Legislators can pass bills for things like universal background checks and the “no fly, no buy” rule, but those policies target if someone can purchase a gun. Things become a lot more complicated when citizens can make their own guns at home—and that’s becoming a significant issue as technology advances.
Cody Wilson is the founder of Defense Distributed, a gun advocacy organization that shares code for 3-D-printing guns at home. He said his organization has shared “almost millions” of files for printing guns at home, and has sold thousands of milling machines that can make the lower receiver of an AR-15. The guns these machines make are called “Ghost Guns” because they’re essentially untraceable.
The AR-15 has been the subject of much debate, as many want to ban it after it was used in several mass shootings. However, Wilson thinks the debate around the AR-15 is “ridiculous.”
“When we fixate on things like the AR, most of that’s done for partisan reasons that avoid the true root of ‘gun crime.’ [Gun crime] is dominantly produced by the hand gun, and dominantly conducted in these urban environments that have all kinds of variables—gang violence, endemic poverty,” Wilson told The Daily Beast.
Wilson said politicians are focusing on the AR-15 because it’s an easy target, and they’re trying to get publicity during the election season. He is staunchly against the bill that would deny gun-purchasing rights to people on a terrorist watch list.
“I have nothing but contempt for people that would support secret list culture and the Stasi environment that that creates,” Wilson said. He also said expanding background checks might be useless because of people like him.
“Give all the background checks that you want. My company is built around evading that entire program,” he said.
Thousands of amateur gun manufacturers could be operating independently around the country without anyone knowing. As these untraceable guns spread throughout the country, the identities of their creators get completely lost.
It remains unclear how politicians will get around the issue of people making their own guns at home. Someone with a 3-D printer or a milling machine can make a gun at home without being connected to a network that might detect what they’re doing.
“You’d basically have to pass a law saying it’s illegal to make something without a license, and you could probably get that done, but that’s really a tectonic shift in gun politics—a much heavier list than saying, ‘We’re going to add X and Y to the background check requirements,’” Wilson said. He said that since 3-D printers are general-purpose devices, it would be difficult to ban making a specific item with them.
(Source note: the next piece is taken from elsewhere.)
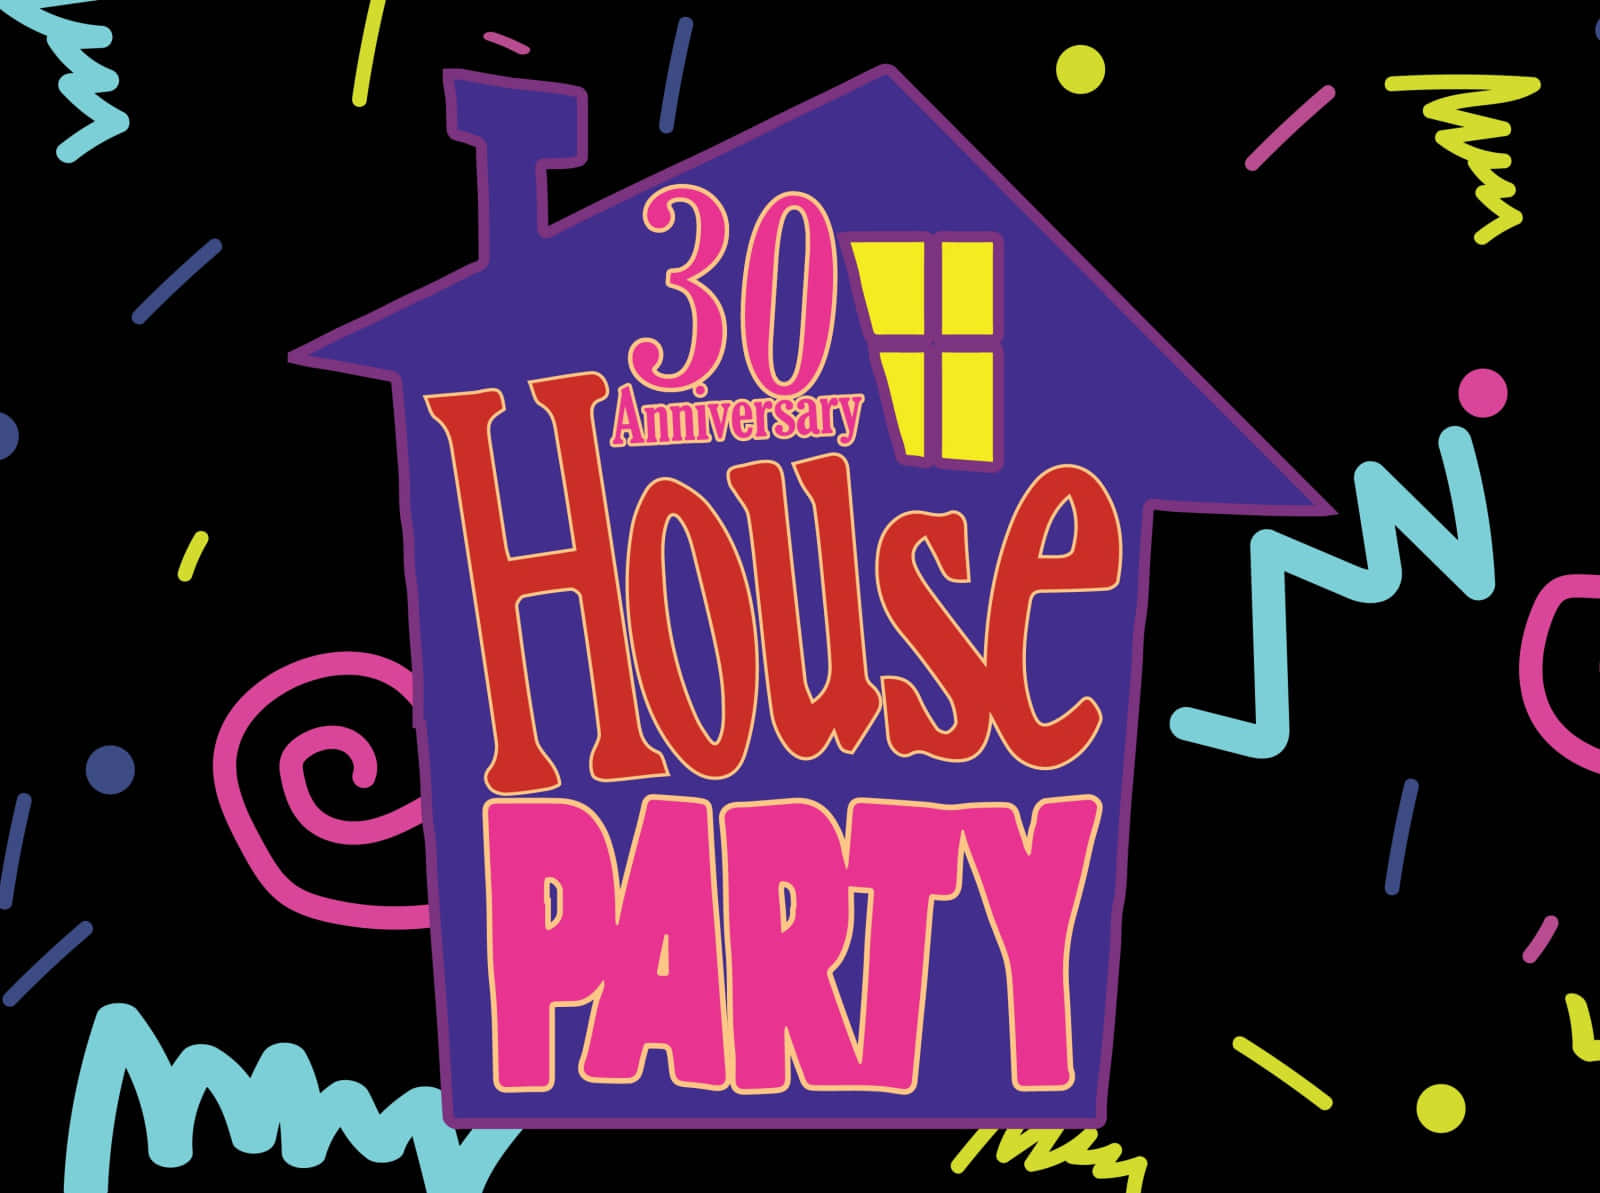 house party wallpaper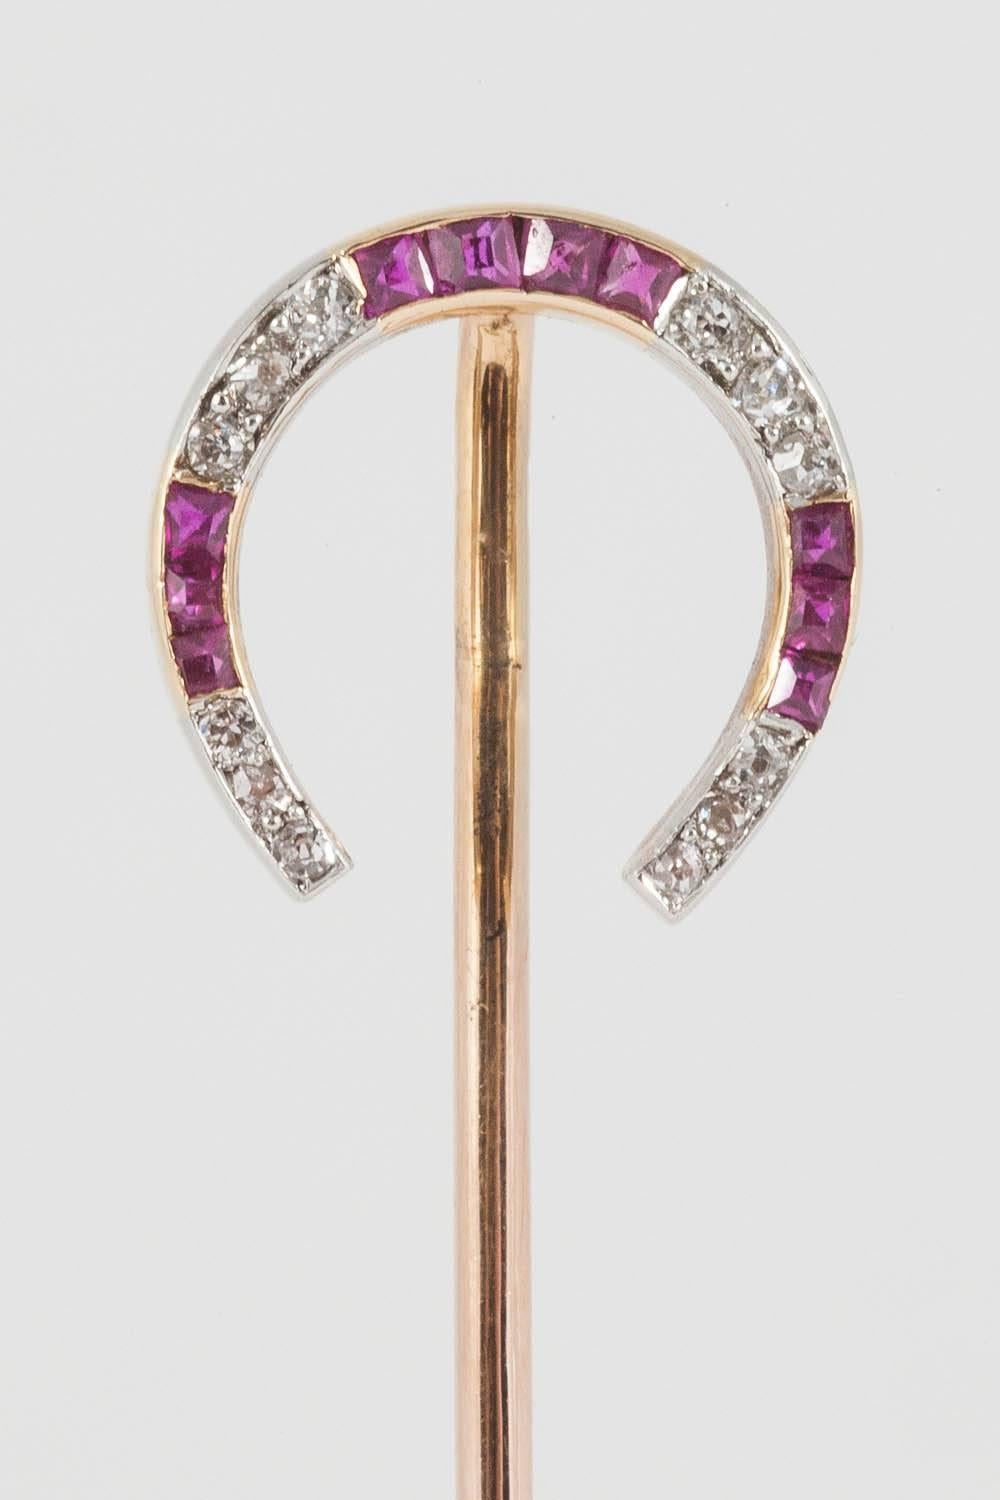 A platinum set and gold mounted Tiepin in the form of a horseshoe,the diamonds brilliant cut,and the attractive Burma rubies square cut and channel set.French marked c,1900

He also said that the First Amendment protects sharing files, like the files his company shares for making guns.
The city of Philadelphia made headlines in 2013 when it banned 3-D-printed guns. Trying to do such a thing on a much larger scale might prove to be difficult.
“[3D printing guns] certainly adds a layer of complexity to gun control that we haven’t seen before, and it’s likely to undermine many of our current gun laws,” Adam Winkler, a law professor at UCLA and Second Amendment expert, told The Daily Beast.
“You could prohibit the manufacture of these firearms… nonetheless, the technology will still exist, and as long as the technology exists, any legislation becomes difficult to manage,” Winkler said.
Winkler said you could control the 3-D-printing of guns in the short term by requiring people to be licensed before they purchase a 3-D printer, but the technology will become cheaper and more available as time goes on.
Rep. Steve Israel (D-NY) has repeatedly tried to introduce legislation that would prevent people from owning or manufacturing plastic 3-D-printed guns that can pass metal detectors. So far, he hasn’t been successful.
“This is about updating our laws to keep up with changing technology,” Rep. Israel told The Daily Beast. “Law enforcement needs to be able to stop a lone wolf who wants to build a plastic, fully-functioning weapon in his home and then bring it onto a plane or into a secure environment to hurt innocent Americans.”
When someone can make their own gun in their free time, passing laws that dictate who can purchase guns at the local store might be futile.